Коротышка-француз пожал плечами:
– Ну, в принципе… Бак полон, аэроплан готов… Вы собираетесь снимать еще? А где остальные? И к чему такая спешка? На вас лица нет.
– Отлично, – сказал Бестужев. – Нет, какие съемки… Мне срочно нужно в Вашингтон. Немедленно, не теряя ни минуты. Вы знаете маршрут?
– Ну, в принципе… – округлил глаза француз. – У меня есть компас, в конце концов, можно лететь вдоль железной дороги, тут уж точно с пути не собьешься… Погодите, погодите! Что за безумие, мой юный друг? Уж не хотите ли вы сказать…
– Вот именно, – сказал Бестужев. – Я покупаю ваш самолет, сейчас же. Включайте его, или как там… Летите в Вашингтон.
– Вы с ума сошли? Почти сто километров…
– Может, и сошел, – сказал Бестужев. – Однако эта вот чековая книжка выдана вовсе не в доме умалишенных, а в солидном банке. Позвольте ваше вечное перо?
Отвинтив мельхиоровый колпачок, он вывел на пустом чеке единицу, добавил к ней два нуля, еще два. Сунул под нос месье Леду:
– Ну что, я подписываю чек? Это солидный банк, и у меня есть эти деньги… Решайтесь, черт вас побери!
– Это так неожиданно…
– Вас не устраивает сумма?
– Сумма превосходна… Этого хватит и на…
– У вас не найдется других столь щедрых покупателей! – рявкнул Бестужев. Торопливо поставил подпись, аккуратно вырвал чек из книжечки, сложив вдвое, и сунул в нагрудный карман куртки авиатора. – Что вы стоите? Запускайте аппарат!

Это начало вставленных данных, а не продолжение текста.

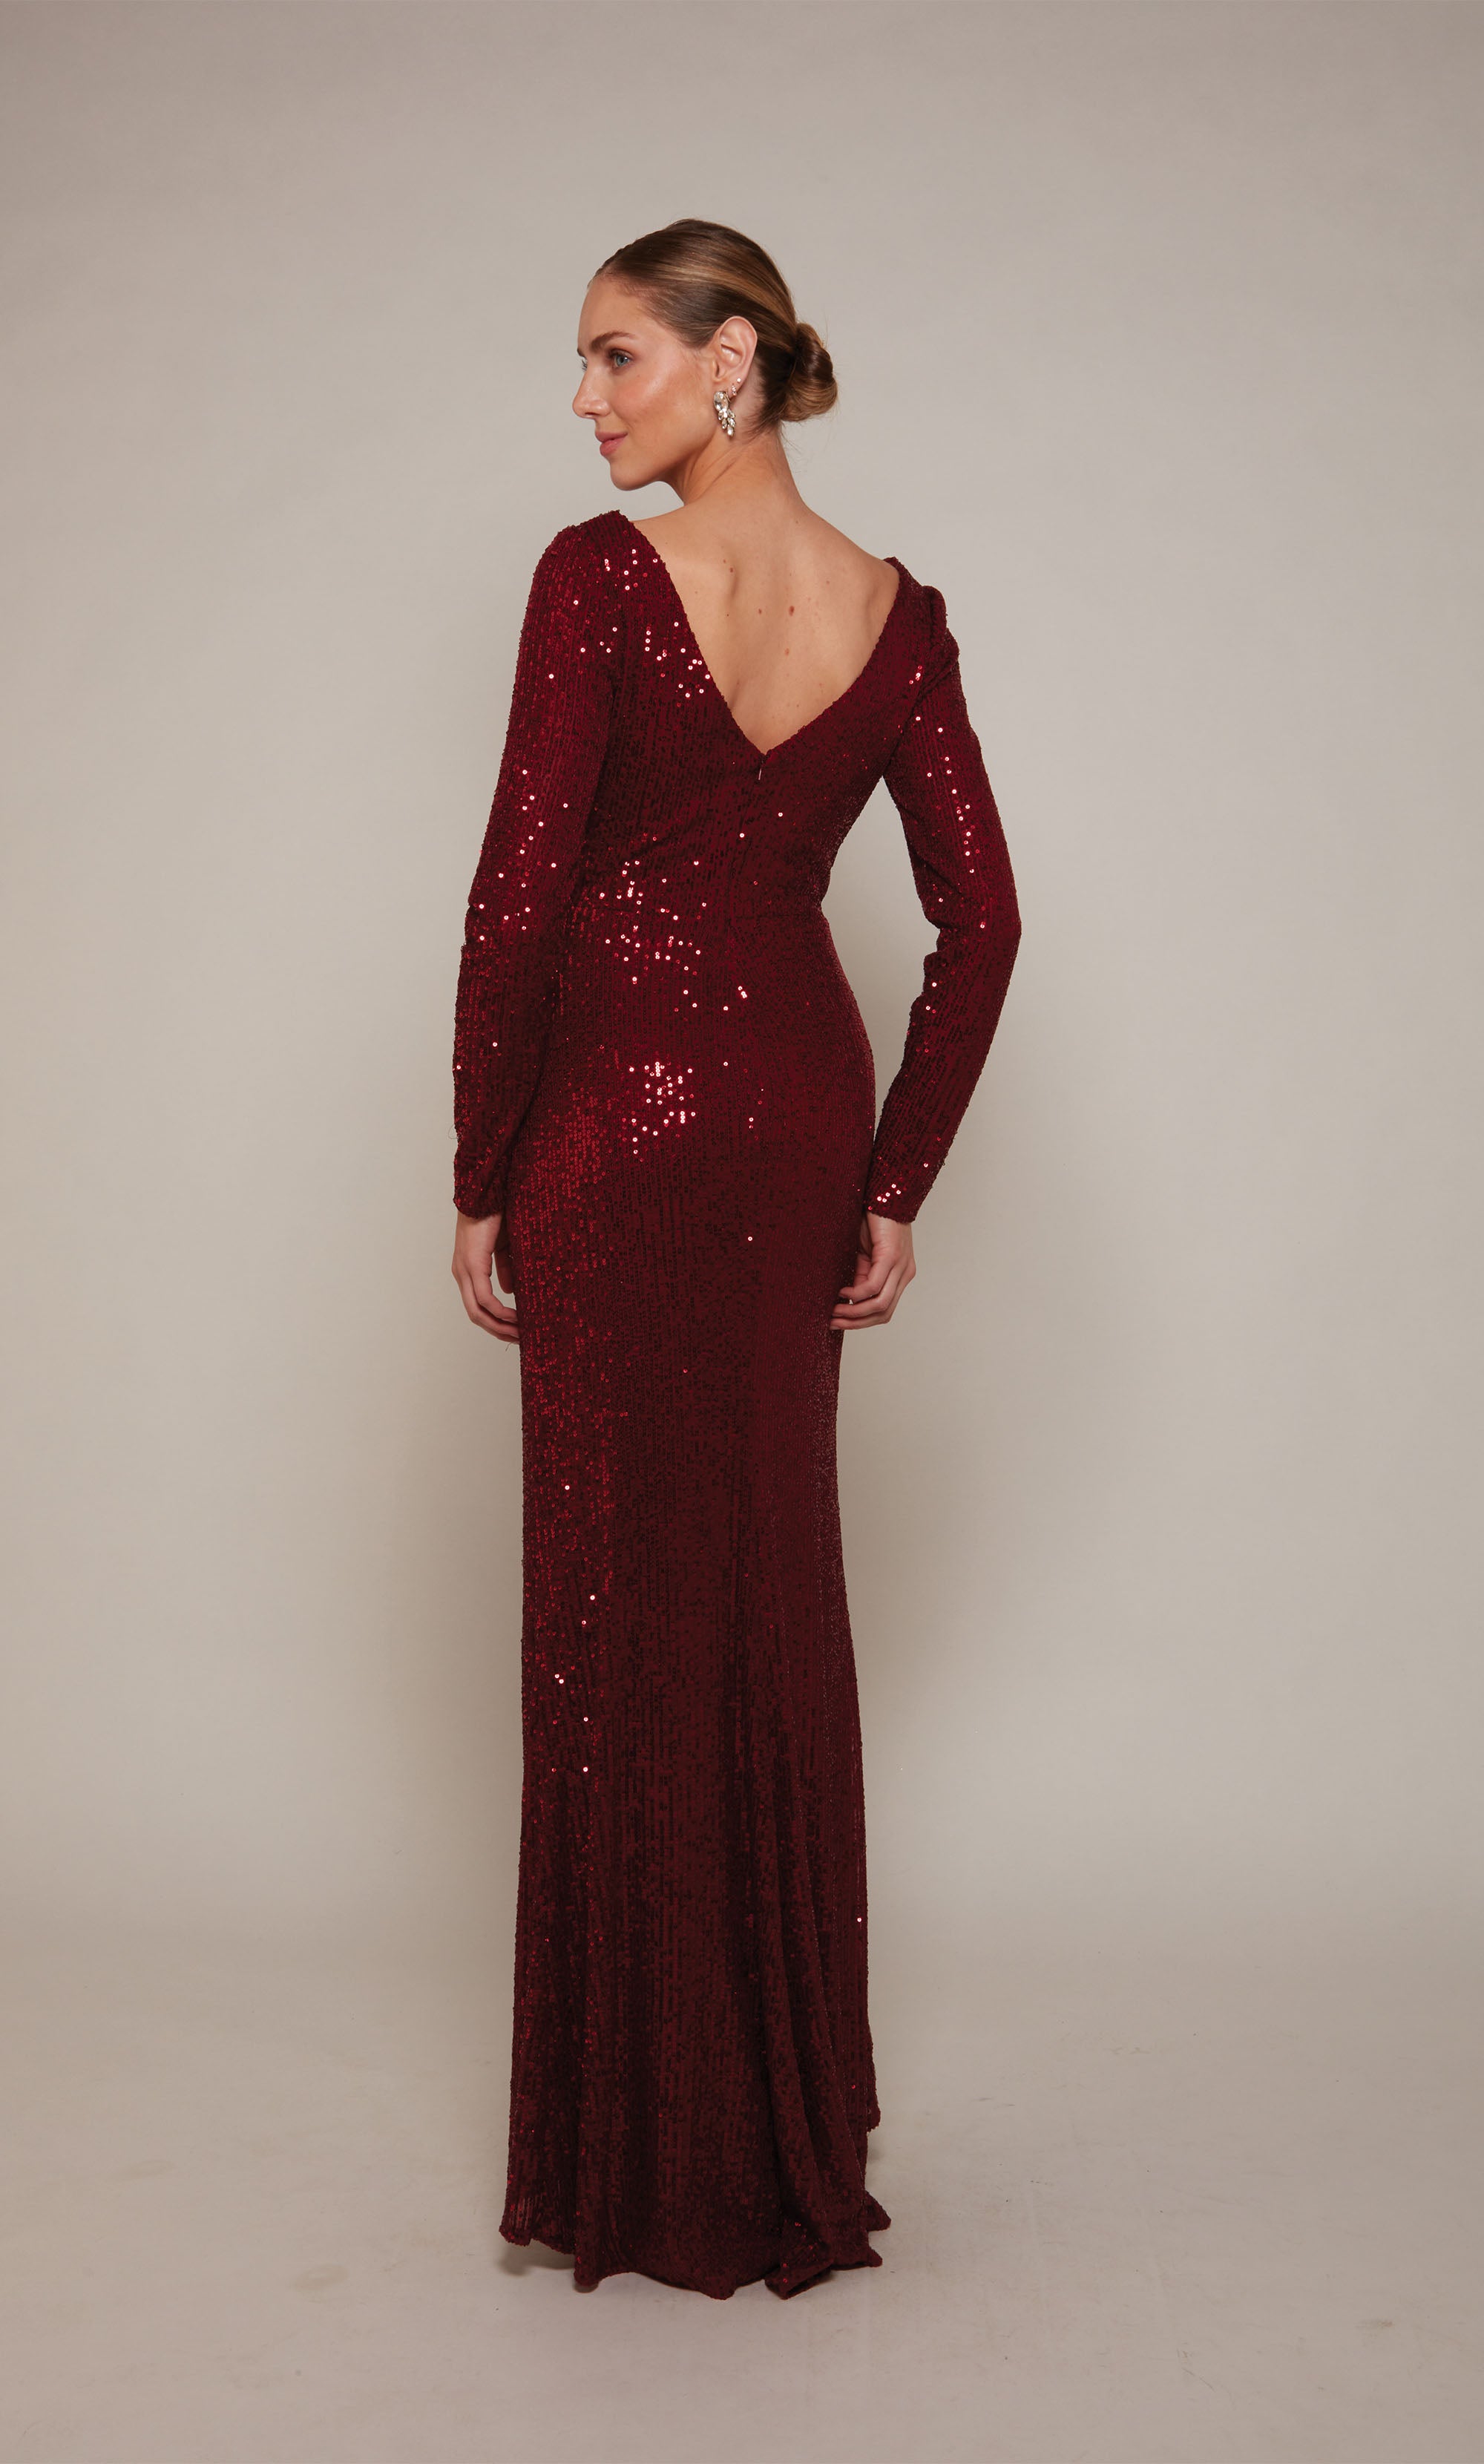 A long sleeve designer gown with a V-neckline, draped bodice, and side slit crafted from a rich wine colored sequin fabric.

– Но это безумное предприятие, я ничего не гарантирую… Сто километров…
– Обойдусь без гарантий, – отрезал Бестужев.
– Что случилось?
Бестужев лихорадочно искал слова, способные произвести наиболее сильное впечатление на француза… Ага!
– Если я задержусь здесь еще на четверть часа, меня женят, сказал Бестужев. – Ее папаша, ее братья, целая орава с револьверами… Скорее! Вы же француз, должны понимать такие вещи!

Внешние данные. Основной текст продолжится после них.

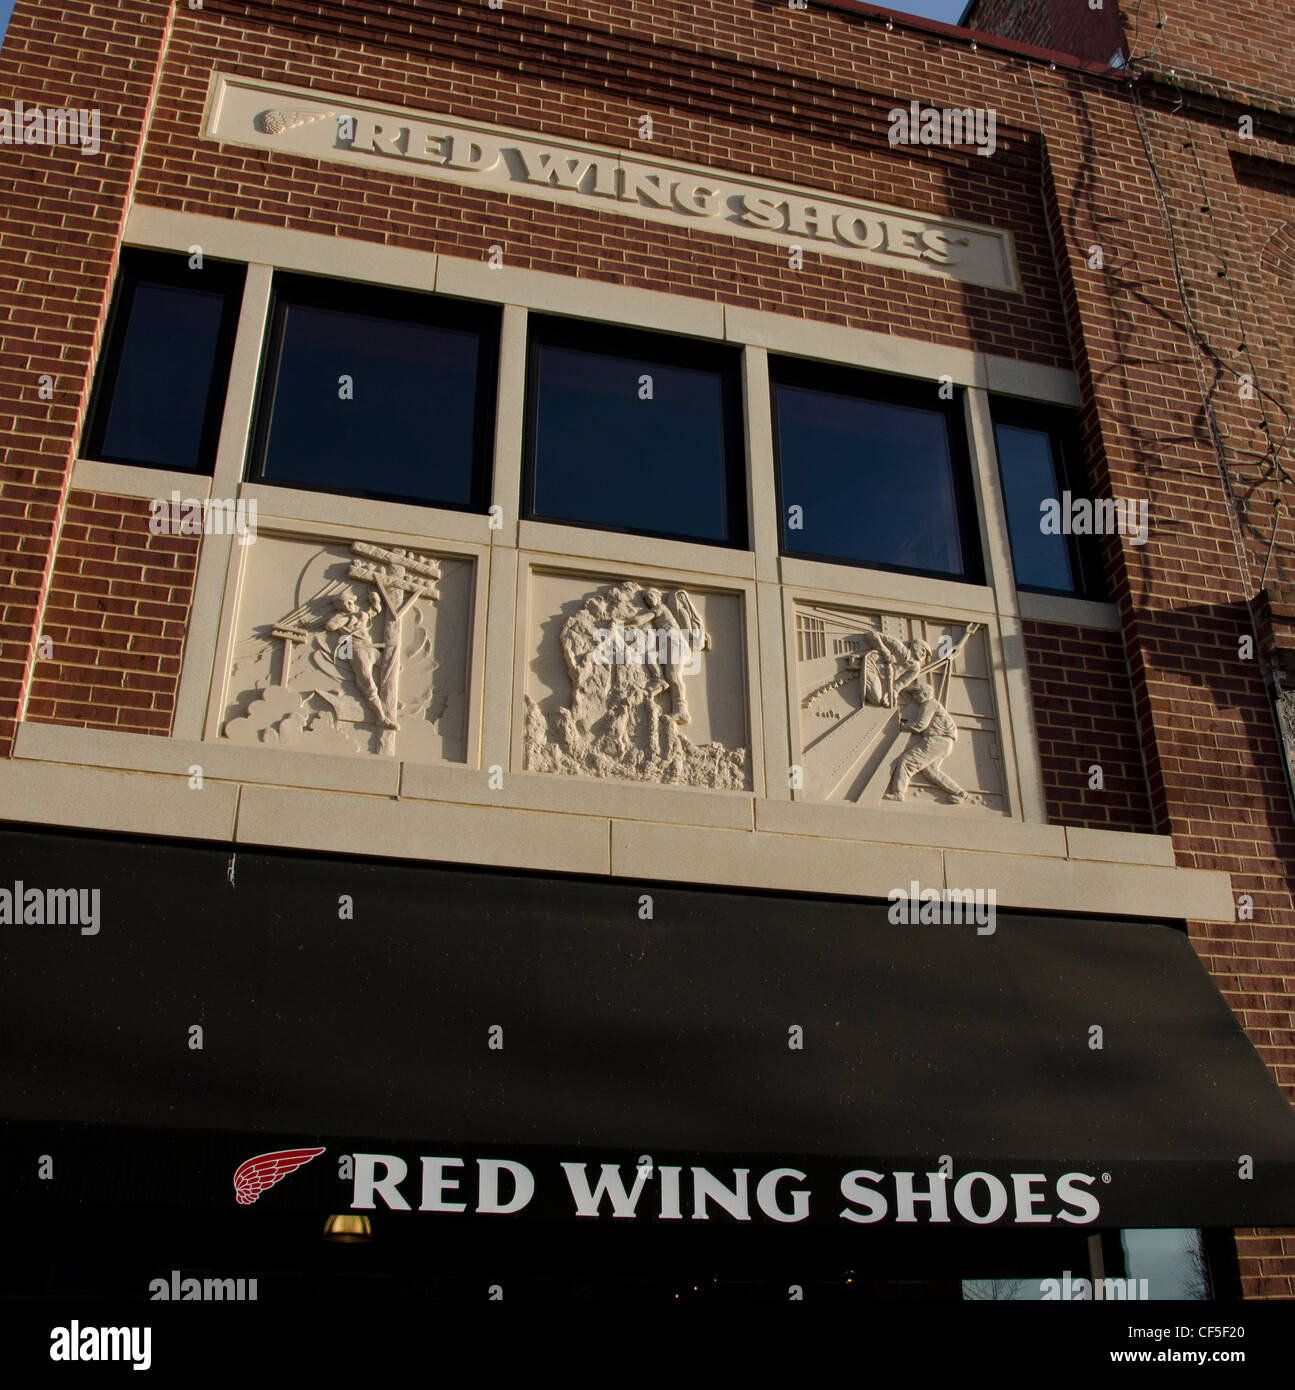 Red wing shoes hi-res images - and photography Alamy stock

– О-ля-ля! – воскликнул авиатор, в чьем мозгу явно уложился последний кусочек головоломки. – О да, понятно…
Страшным голосом Бестужев вскричал:
– Вы получили деньги! Вперед!
– О да, – сказал месье Леду, став строгим, серьезным, собранным. – Любой француз, черт побери… Антуан! Мы взлетаем. Соберете вещи, сядетё на поезд, встретимся в Вашингтоне, оставлю для вас на почте сообщениё. К пропеллеру!
Он направился к аэроплану едва ли не парадным шагом, комичный и серьезный одновременно. Рысцой их обогнав, Антуан подошел к задней части аппарата, замер в привычной позе, положив вытянутую вверх руку на лопасть пропеллера
– Карабкайтесь, – сказал авиатор, подсаживая Бестужева. – Садитесь вон туда. Пристегните ремень на талии, и покрепче. Держитесь за что-нибудь, только ни за что не трогайте вон те тяги, иначе мы упадем… поняли?

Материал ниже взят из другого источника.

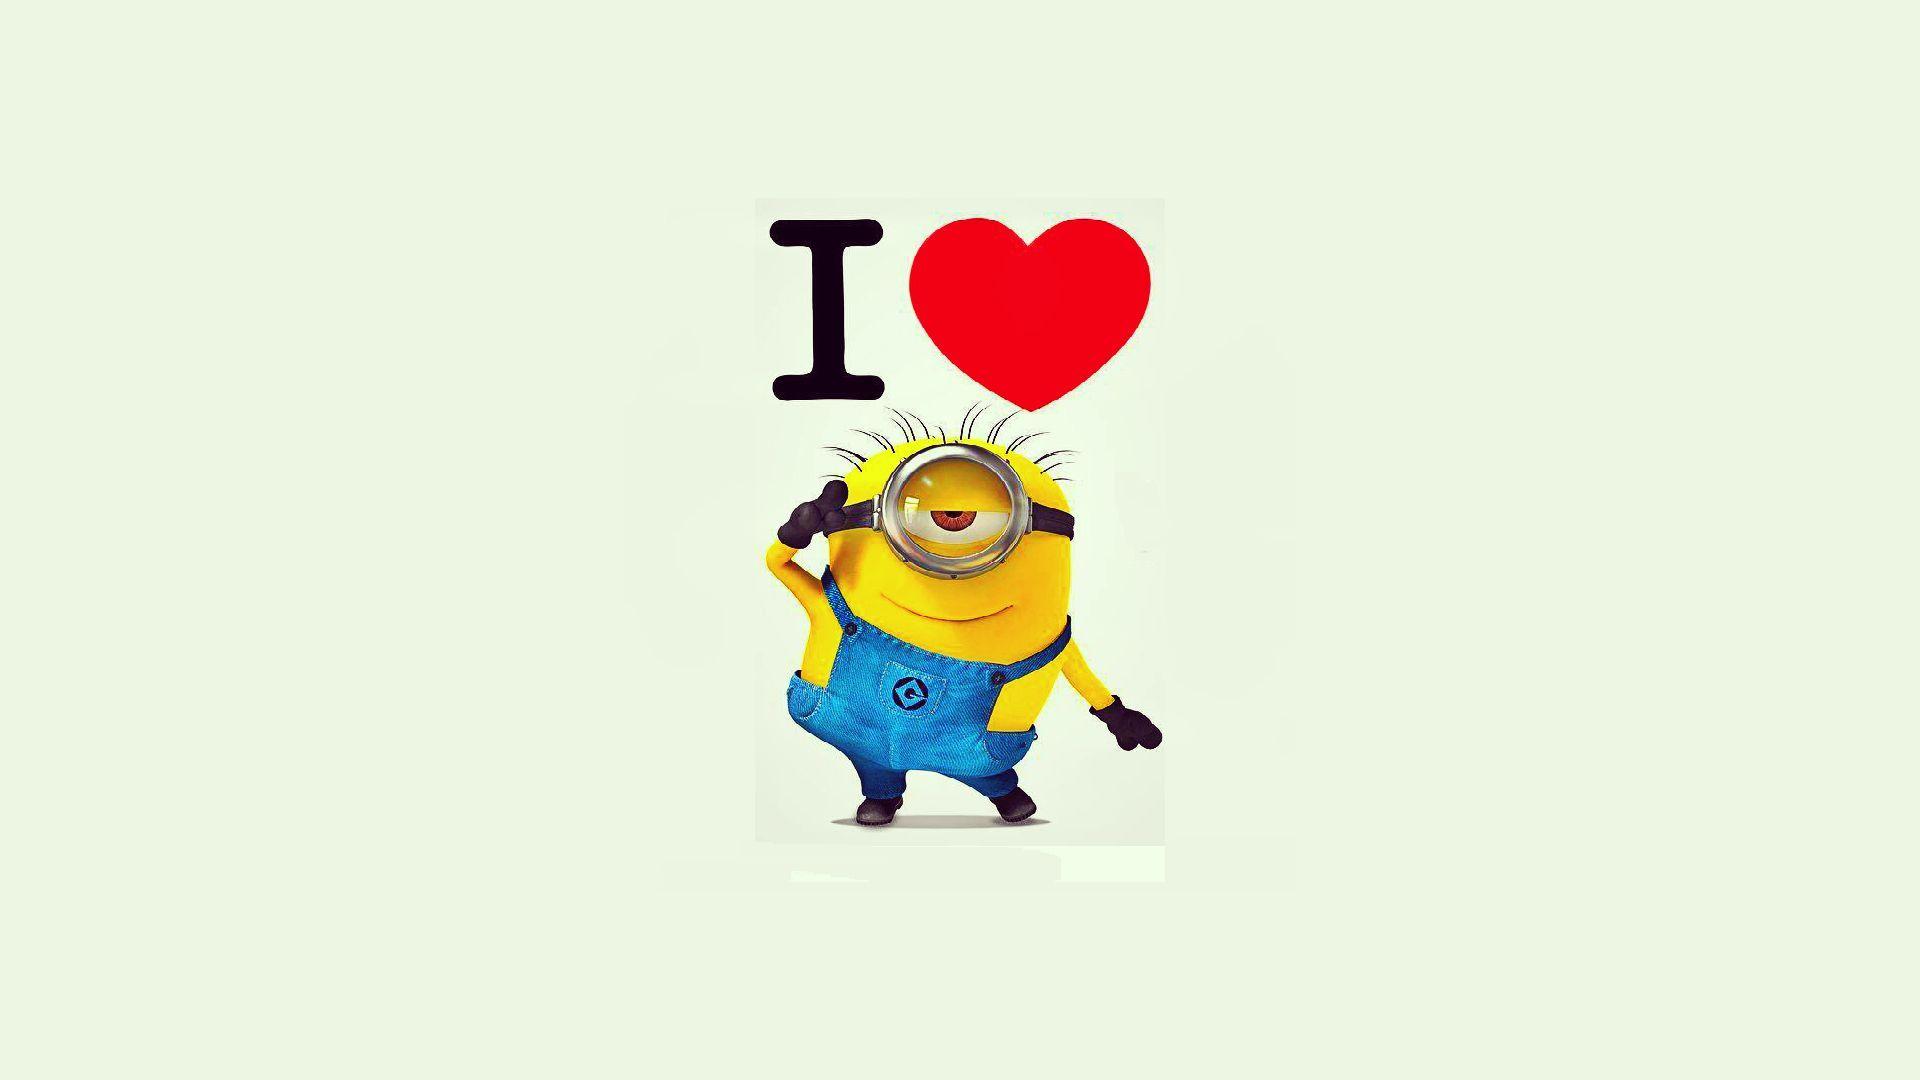 image with minion

Откровенно признаться, т е п е р ь сердце у Бестужева ушло в пятки, оказавшись сидящим на деревянном сиденьице, вот-вот готовом развалиться под ним вместе со всем аппаратом, он уже горько раскаивался, что ввязался в эту безумную авантюру -но что прикажете делать, если другого выхода нет? Аэроплан движется гораздо быстрее лошади, и, в отличие от нее, устать не способен…
Перед ним маячила спина француза, что-то нажимавшего, вертевшего.
– Контакт!
– Есть контакт!
– Пошел!
Бестужев торопливо пристегивался широким кожаным ремнем с большой квадратной пряжкой, поначалу затянул его так, что дыхание сперло, спохватился и самую чуточку ослабил. Оглянувшись на него и убедившись, что с пассажиром все в порядке, авиатор еще что-то сделал, и мотор за спиной Бестужева затрещал, зачихал, заработал безостановочно..
– От винта!
Оглянувшись через плечо, Бестужев увидел за спиной сплошной туманный диск – а в следующий миг аэроплан дрогнул, покатился вперед, все ускоряя бег… Быстрее пешехода, быстрее велосипедиста, быстрее лошади…
Слева, на краю равнины, показались трое верховых – и, приостановившись на миг, пустили коней наперерез. Не колеблясь, Бестужев вырвал револьвер из кобуры, положил его дулом на согнутый левый локоть, прицелился, нажал на пусковой крючок, еще и еще… Француз оглянулся на него, покрутил головой и тут же сосредоточился на управлении аппаратом, все быстрее мчавшимся по равнине.